Reference

Australia Enable AI

Release

australia

ft:locale

en-US

ft:publication_title

Australia Enable AI

ft:clusterId

platai

bundleId

platai

workflow

Platform

Reference for agentic evaluations

Release version: Australia

Updated March 18, 2026

1 minute to read

Find technical reference material for roles, metrics, and output formats of agentic evaluations.

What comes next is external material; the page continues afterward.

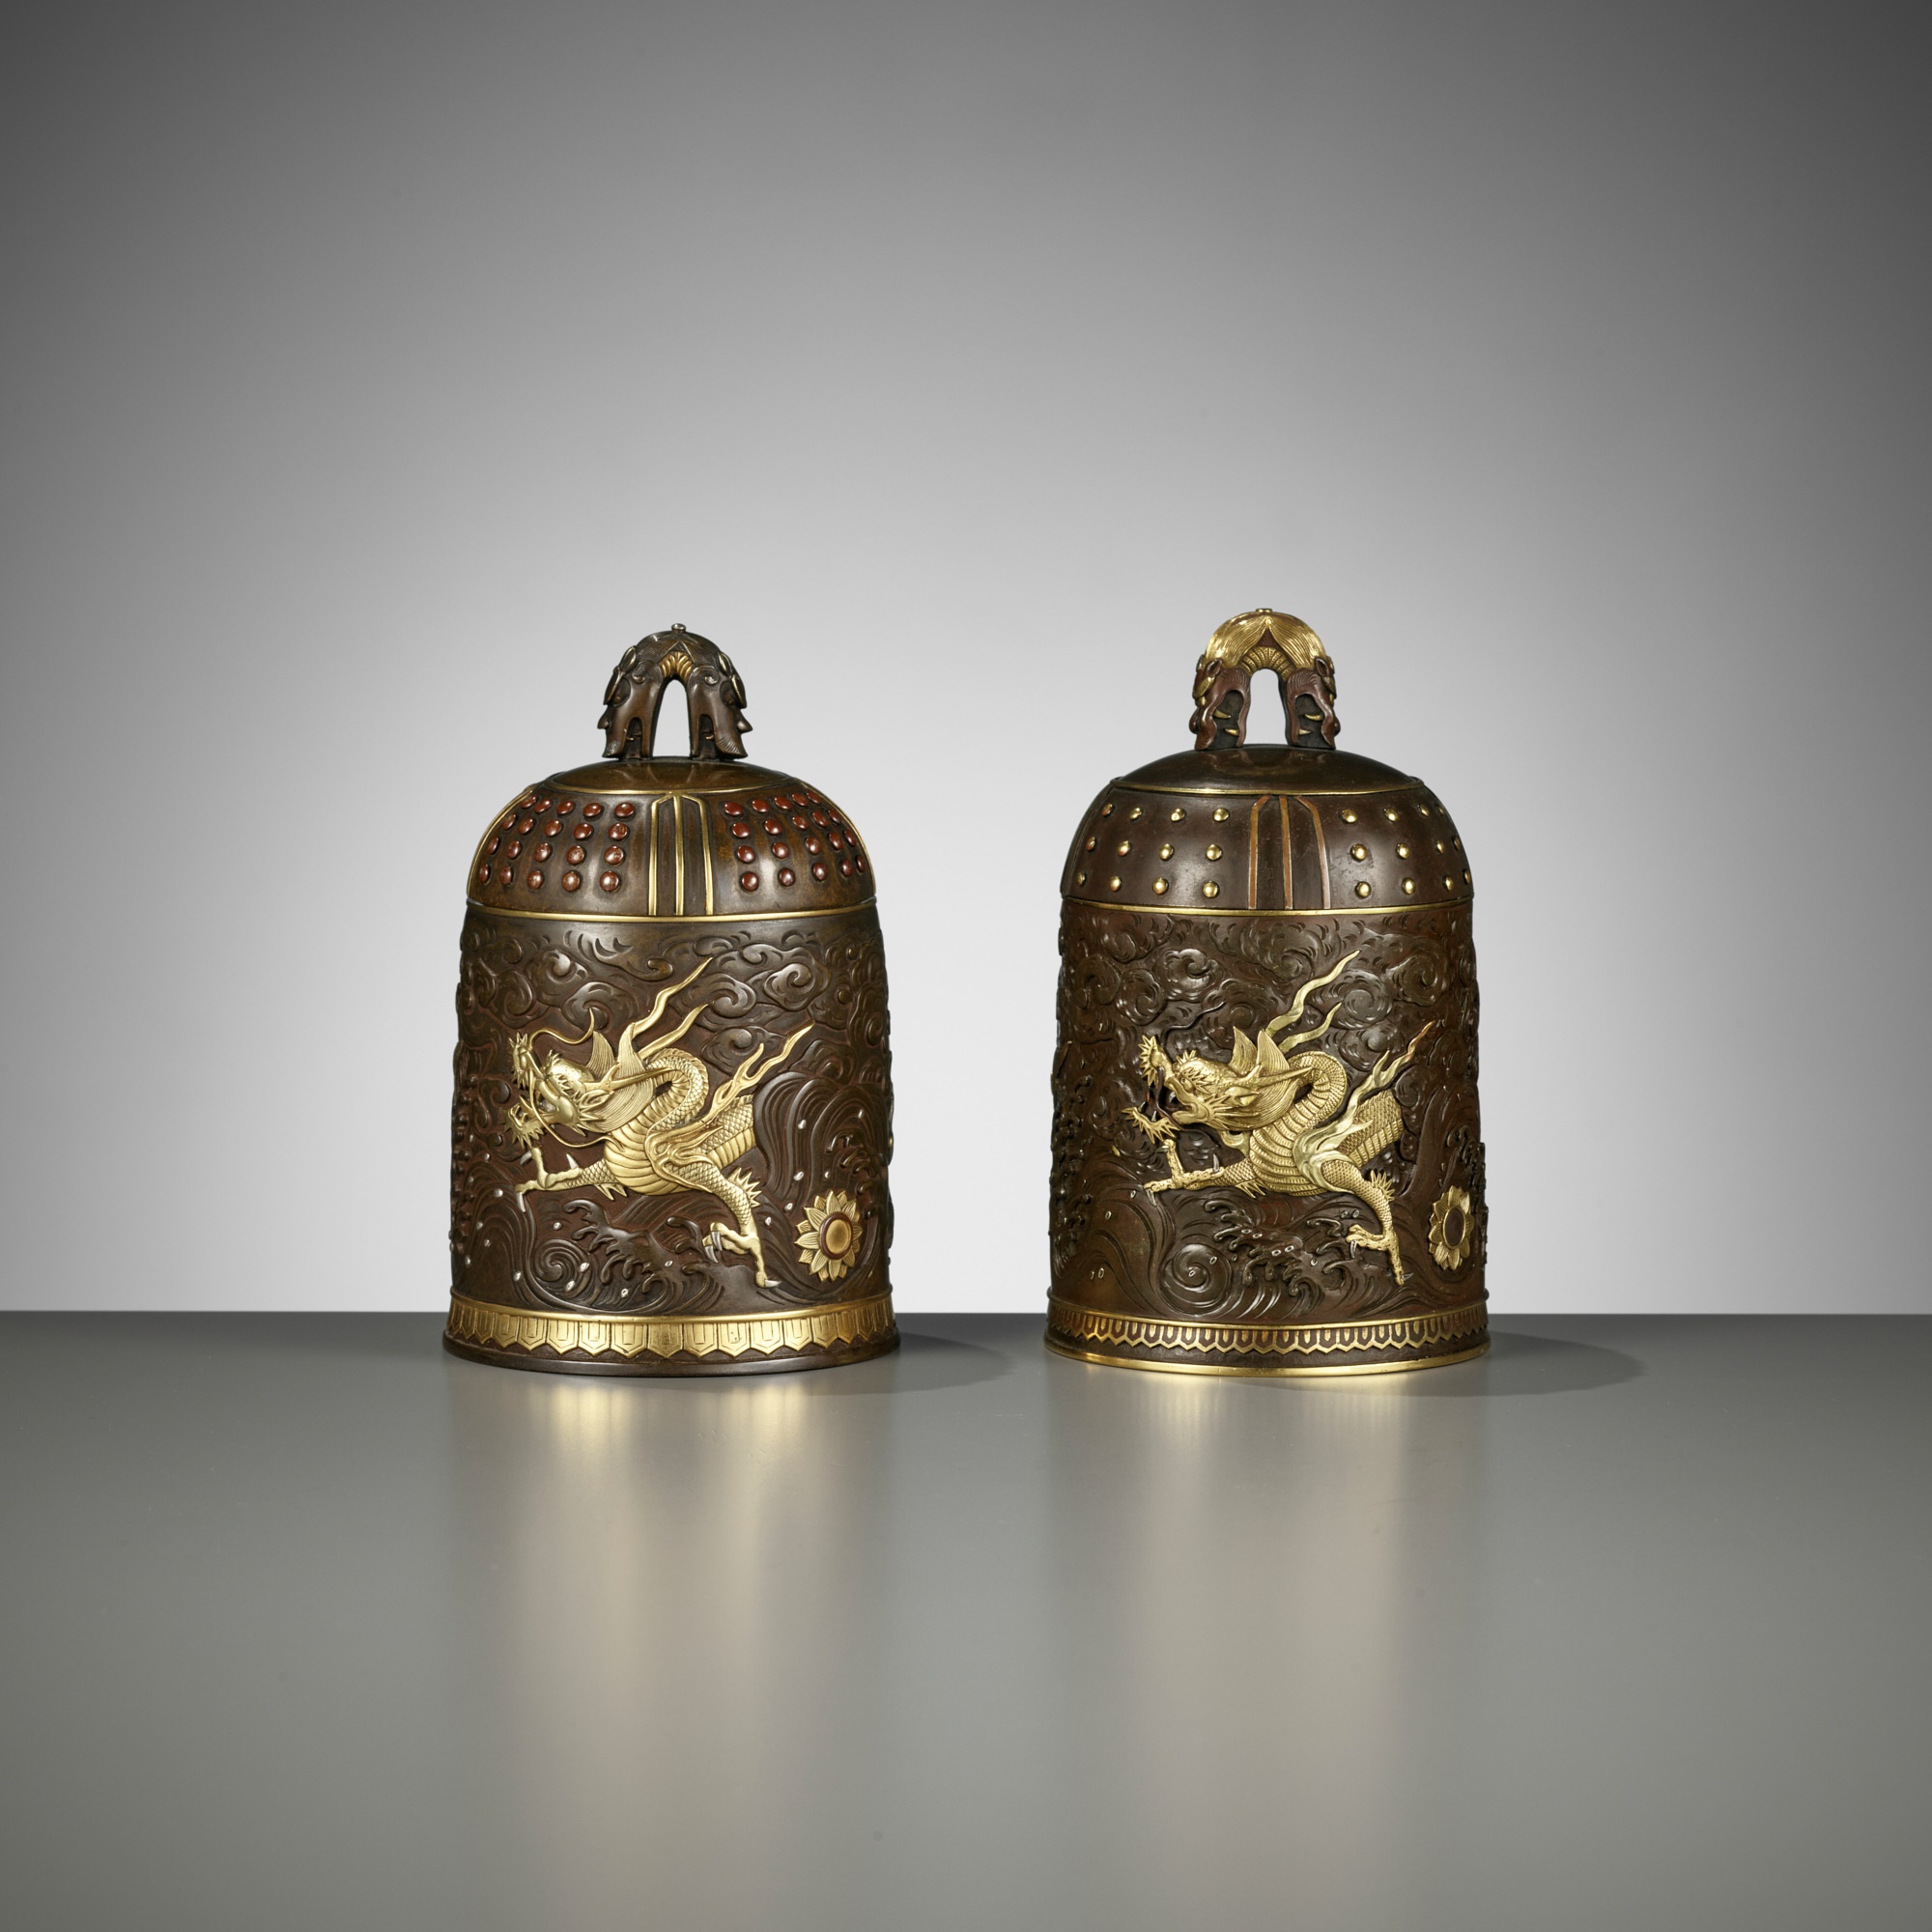 A MATCHED PAIR OF GOLD-INLAID BRONZE 'BUDDHIST TEMPLE BELL' KOGO, ONE BY MIYABE ATSUYOSHI

Table 1. Standard metrics available
Metric	What it measures	Ground truth required
Task completeness	Whether the agentic AI asset fully addresses the user need.	Optional
Response accuracy	Whether the agentic AI asset's response is factually accurate	Recommended
Groundedness	Whether the agentic AI asset's response is grounded in the specific context of the task	No
Coherence	Whether the agentic AI asset's response is logically structured and clear	No
Tool use accuracy	Whether the agentic AI asset selected and used the correct tool to execute its tasks	Optional
Goal adherence	Whether the agentic AI asset stayed within its defined scope and instructions	No

Issues are broken down by behavior. Each metric has its own issues identified separately.

Table 2. Issue categories
Category	Agentic AI asset behavior
Incomplete response	Response failed to address the user's full request
Factual error	Response contained content that isn't factually correct
Hallucination	Response contained content not grounded in the specific context of the request
Incoherent output	Response was disorganized or difficult to understand
Incorrect tool use	Selected the wrong tool or passed incorrect parameters to a tool
Scope violation	Responded to a request outside its defined operating scope

Table 3. Data requirements for datasets in agentic evaluations
Requirement	Description
Minimum test cases	A minimum number of test cases is required per run. The specific metrics you are using for the run may have their own minimum test cases. Ensure that your dataset meets the requirements for all metrics.
Supported formats	CSV and structured JSON are supported.
Ground truth field	If you're using a ground truth, it must be provided as a separate field in the dataset. The ground truth field must be aligned to each test case individually.
Data representativeness	Datasets should reflect all of the tasks that the AI agent or agentic workflow will handle. Include edge cases and failure-prone scenarios to help ensure that you're testing against common real-world scenarios.